Andrew Laski is going to make the changes required so that the scheduler becomes exclusively a resource that gets queried. Currently, when starting an instance, the request is handed off to the scheduler, which then hands it off to the compute node that is selected. This change will make it so proxying through nova-scheduler is no longer done. This will mean that every operation that uses the scheduler will interact with it the same way, as opposed to some operations querying and others proxying.

Phil Day will be adding an API extension that allows you to discover which scheduler hints are supported.  Phil is also looking at adding a way to allocate an entire host to a single tenant.

Inbar Shapira is looking at allowing multiple scheduling policies to be in effect at the same time.  This will allow you to have different sets of scheduler filters activated depending on some type of criteria (perhaps the requested availability zone).

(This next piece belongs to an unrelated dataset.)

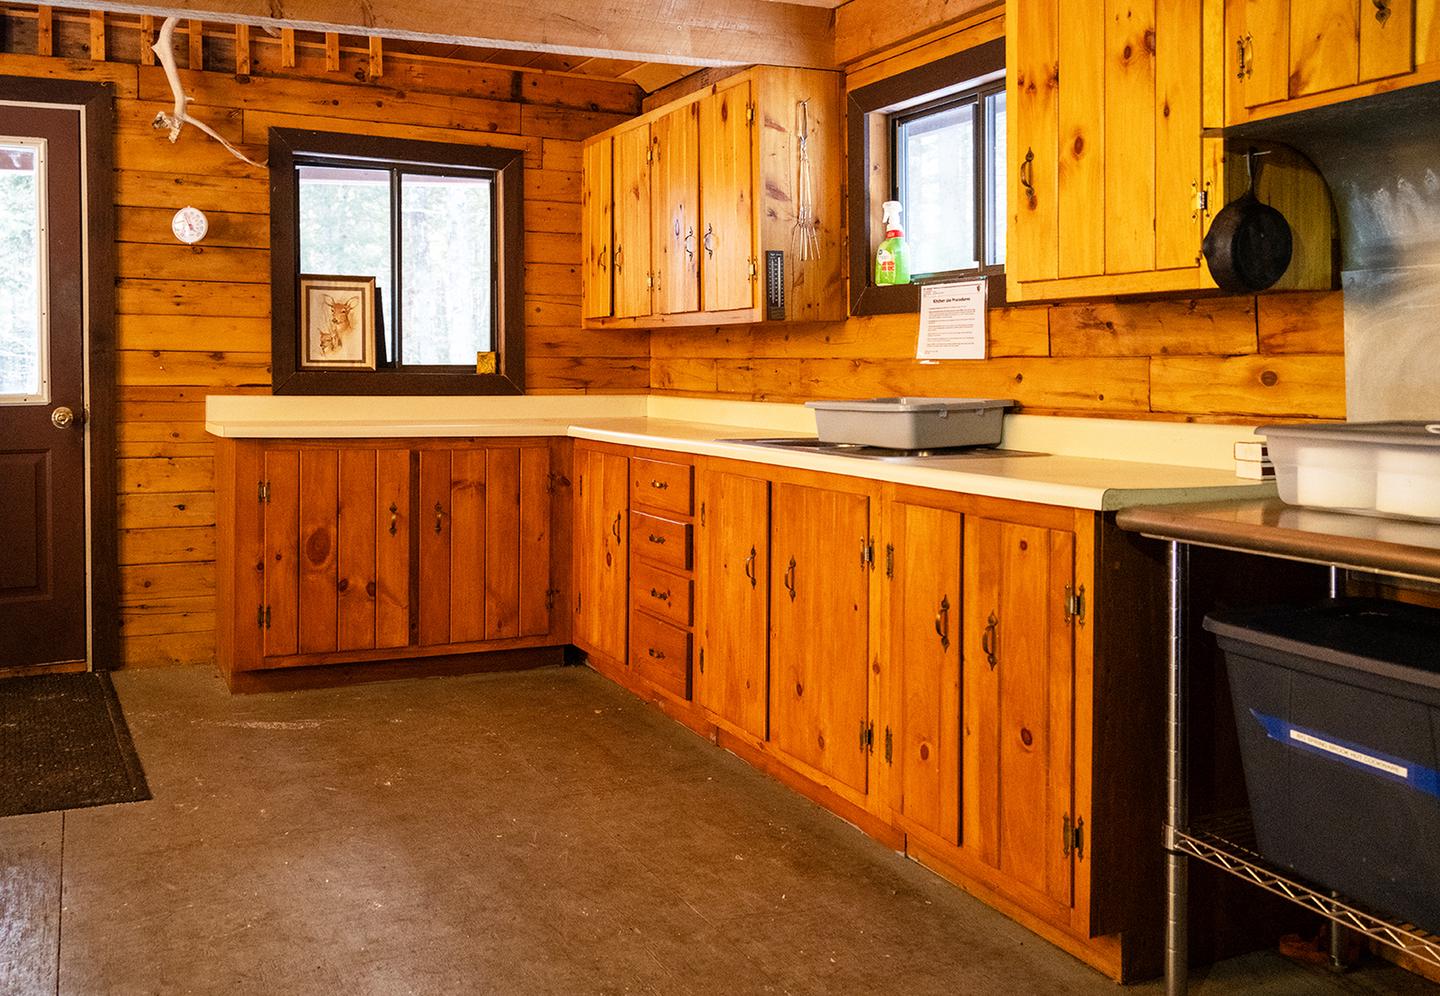 A kitchen space in a wooden cabin. A brown wooden door that leads outside is at the front. Big Spring Brook Hut has a large kitchen space and a door that leads to a porch outside.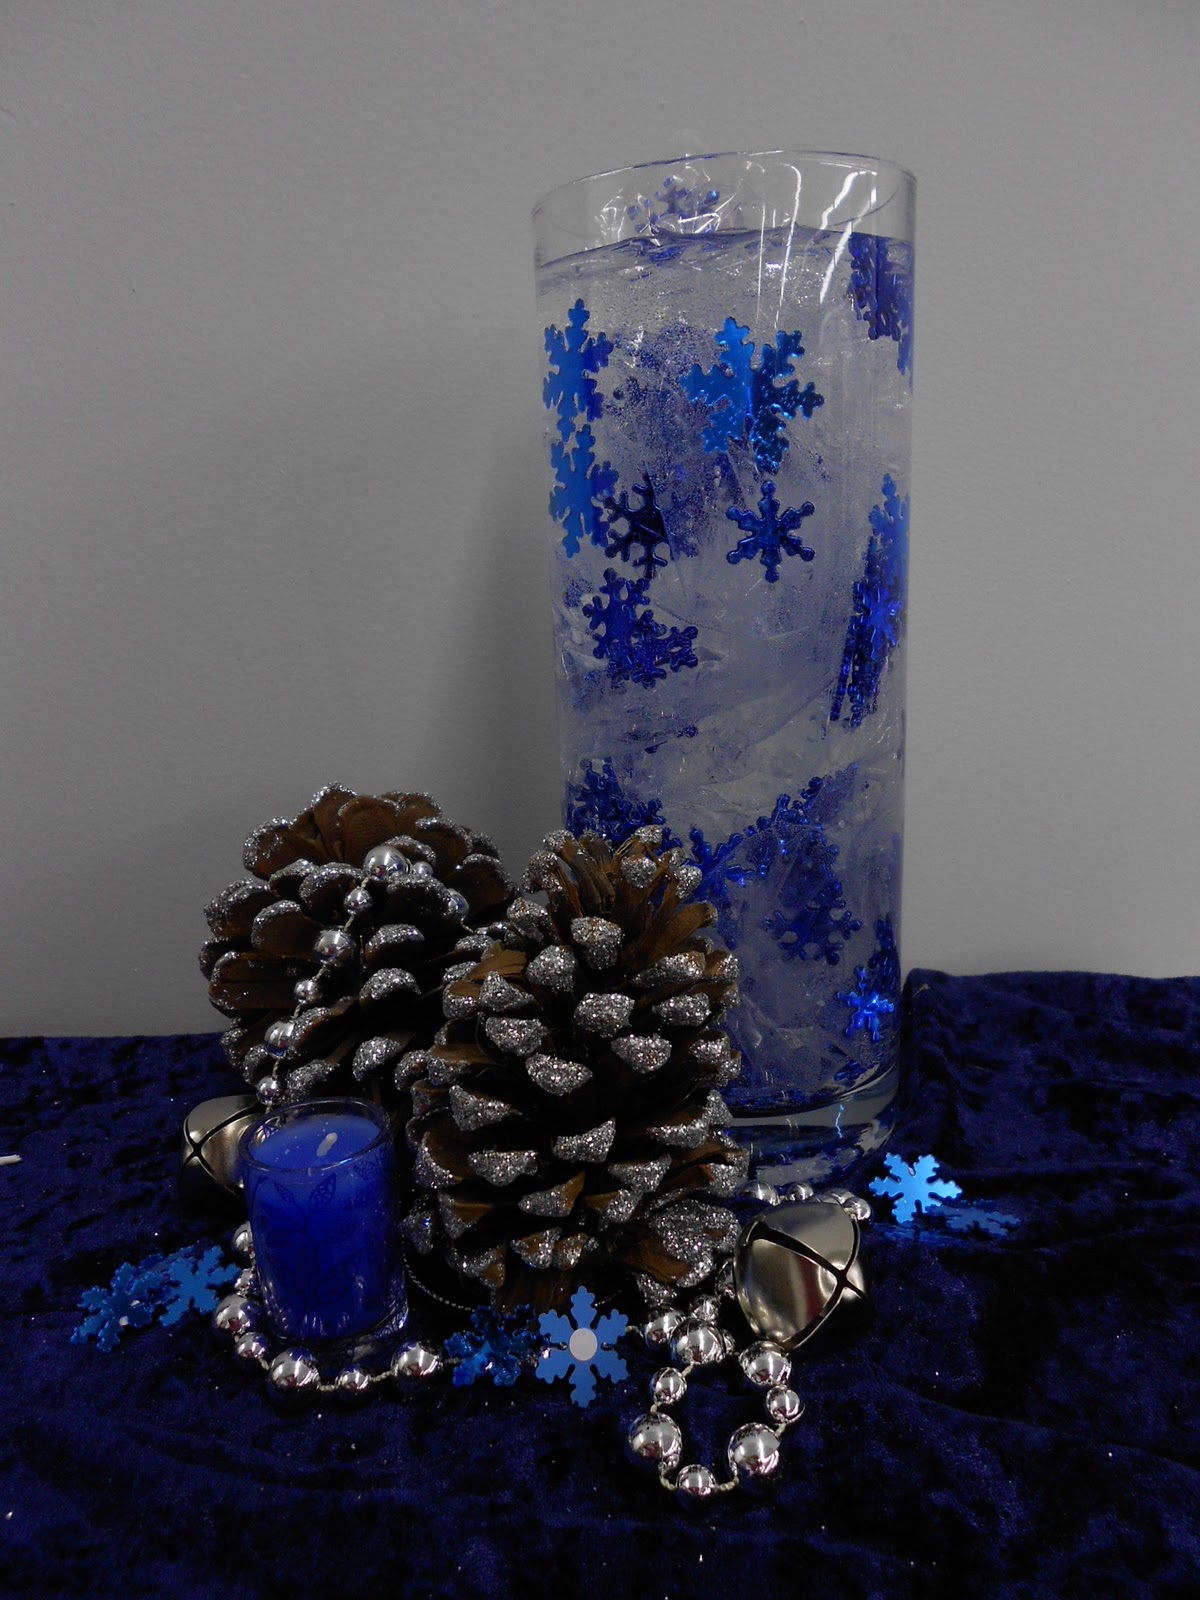 church-christmas-decorations-in-glass-vase

Rerngvit Yanggratoke is implementing support for weighting scheduling decisions based on the CPU utilization of existing instances on a host.

Migrations

Nova includes support for different types of migrations. We have cold migrations (migrate) and live migrations (live-migrate). We also have resize and evactuate, which are very related functions. The code paths for all of these features have evolved separately. It turns out that we can rework all of these things to share a lot of code. While we’re at it, we are restructuring the way these operations work to be primarily driven by the nova-conductor service.  This will allow the tasks to be tracked in a single place, as opposed to the flow of control being passed around between compute nodes. Having compute nodes tell each other what to do is also a very bad thing from a security perspective. These efforts are well underway. Tiago Rodrigues de Mello is working on moving cold migrations to nova-conductor and John Garbutt is working on moving live migrations. All of this is tracked under the parent blueprint for unified migrations.

And More!

This post doesn’t include every feature on the roadmap. You can find that here. I fully expect that more will be added to this list as Havana progresses. We don’t always know what features are being worked on in advance. If you have another feature you would like to propose, let’s talk about it on the openstack-dev list!